38. It is an admitted fact that in the present case the work was completed on 20.09.2013 and that the final bill was prepared by the Respondent on 12.11.2018, which has been accepted by the Appellant. The scheme of the GCC and the way the parties understood the same by acting upon it would be relevant while determining the right to sue, and accrual of the cause of action. Once the final bill was prepared and accepted, the amount due was determined and only then the claim for payment could have been effectively asserted.
39. In this background, the preparation and certification of the final bill constitutes the trigger for commencement of period of limitation. Therefore, the date 12.11.2018 is the point from which the period of limitation is required to be computed.
40. As the period of limitation for the purpose of filing the Suit commenced on the date on which the final bill was prepared i.e., 12.11.2018 and certified by the Respondent, three (3) years for the purpose of filing the Suit expired on 11.11.2021. However, by virtue of Cognizance for Extension of Limitation, In re, (supra) the period from 15.03.2020 to 28.02.2022 was excluded from the computation of limitation. Further, the Supreme Court in Arif Azim (supra) has held that the balance period of limitation available as on 15.03.2020 would become available from 01.03.2022.

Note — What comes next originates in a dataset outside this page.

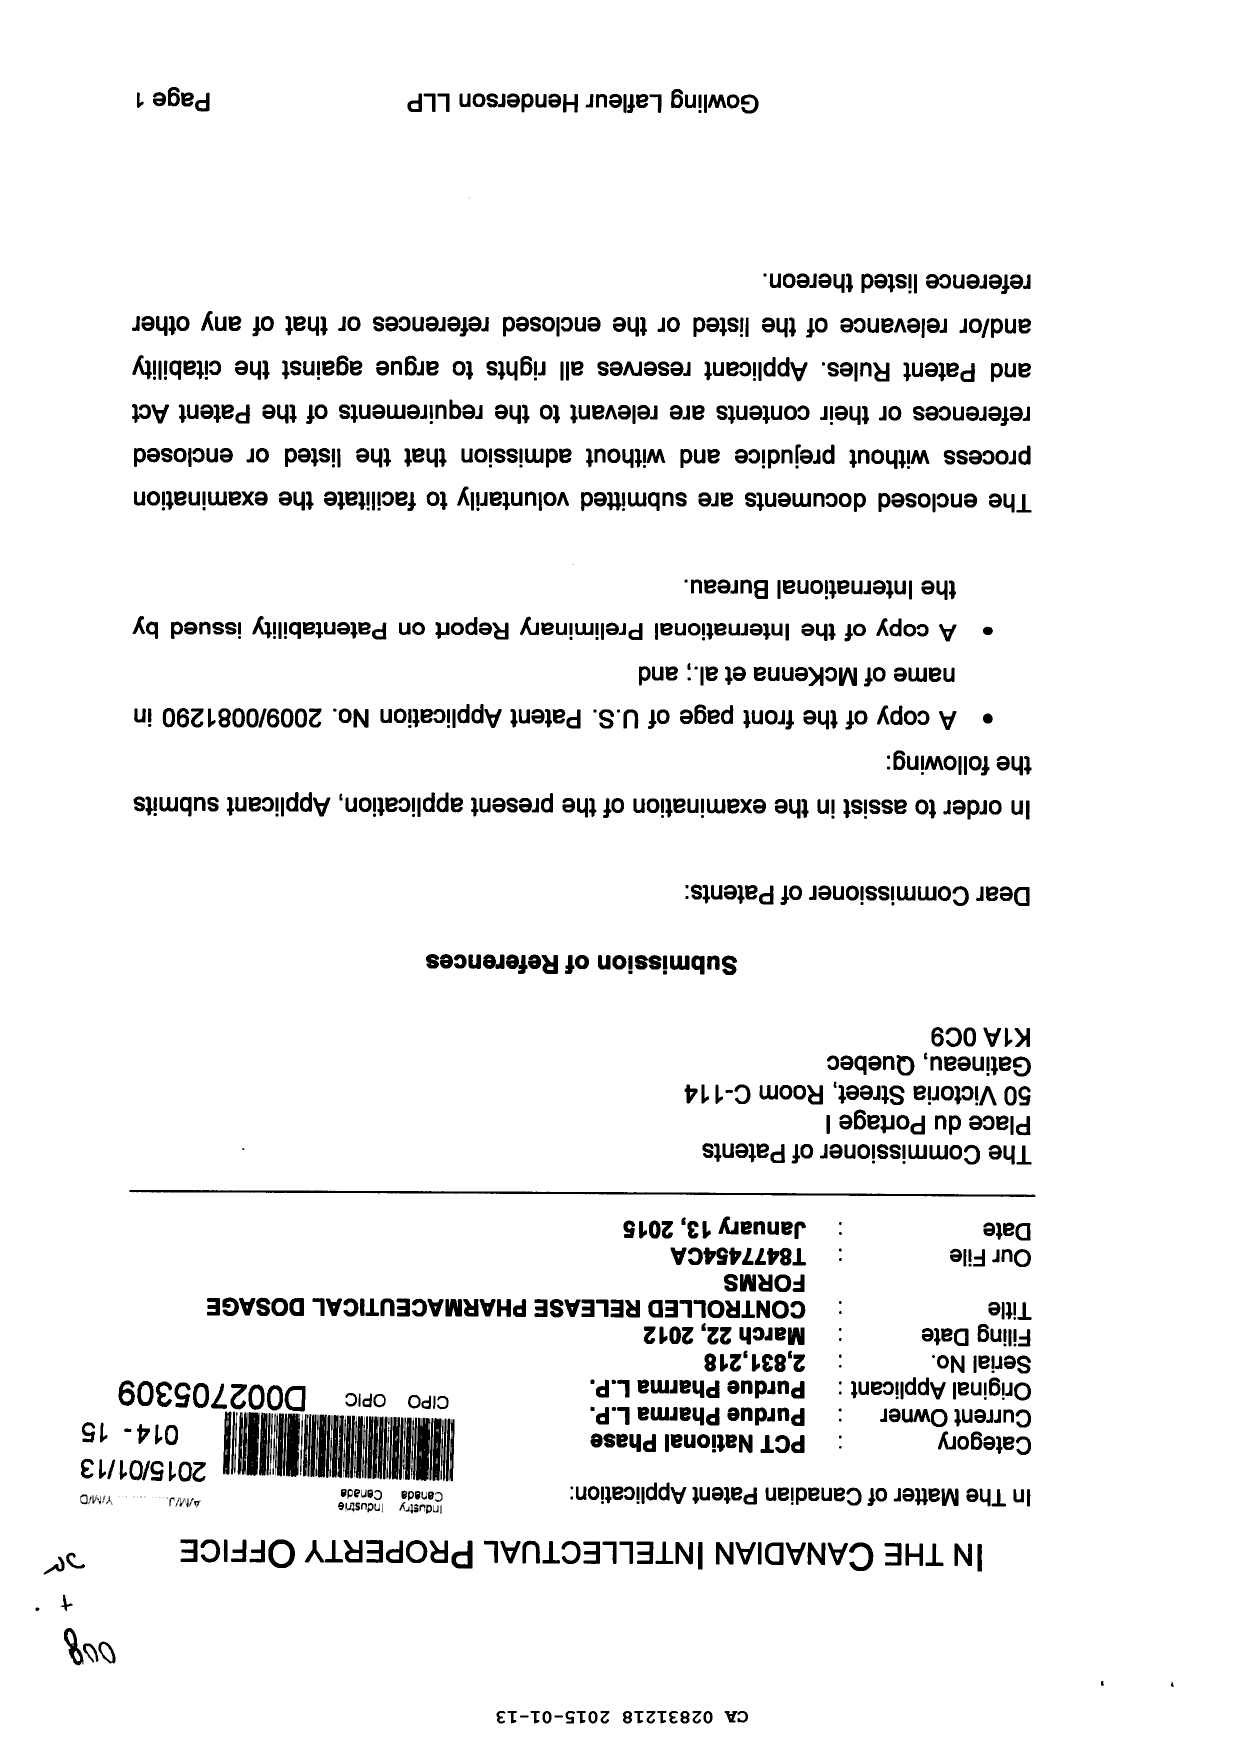 Document de brevet canadien 2831218. Poursuite-Amendment 20141213. Image 1 de 2

41. Applying the above periods, the limitation to file Suit expired 11.11.2021. However, since period of 715 days from 15.03.2020 to 28.02.2022 was excluded, 606 days were available as on 15.03.2020, which became available to the Appellant from 01.03.2022. In view of the same, the extended period of limitation expired on 28.10.2023. As the Suit was filed on 14.03.2023, the same was within the period of limitation. Hence, the dismissal of the Suit on the sole ground of limitation is unsustainable.
42. Consequently, as neither party has challenged the Impugned Judgment to the extent it decides the Issue Nos. 1 and 2 in favour of the Appellant and against the Respondent, the Suit is decreed in the terms of paragraph 61 of the Impugned Judgment. Accordingly, the Appellant is entitled to recover from the Respondent the following amounts:
(i) An amount of Rs. 13,84,264/- along with interest at 8% from
(ii) EMD amount of Rs. 29,350/- along with interest at 8% per annum if the said amount is not already paid by the Respondent to the Appellant.
(iii) Amount of difference between VAT and GST at 12% to be payable within 60 days from the date on which the Appellant submits proof of deposit of tax to the Respondent and, if there is any delay in payment by the Respondent, the Respondent shall be liable to pay interest at 8% per annum for the delayed period.
(iv) Costs of the Suit
43. In view of the above, the Appeal is hereby allowed and the Impugned Judgment dated 10.07.2024 is set aside to the extent it holds the Suit filed by the Appellant was time barred, and the Suit is decreed in the aforesaid terms. Let the decree sheet be drawn up accordingly. Pending application(s), if any, stand disposed of. No order as to costs.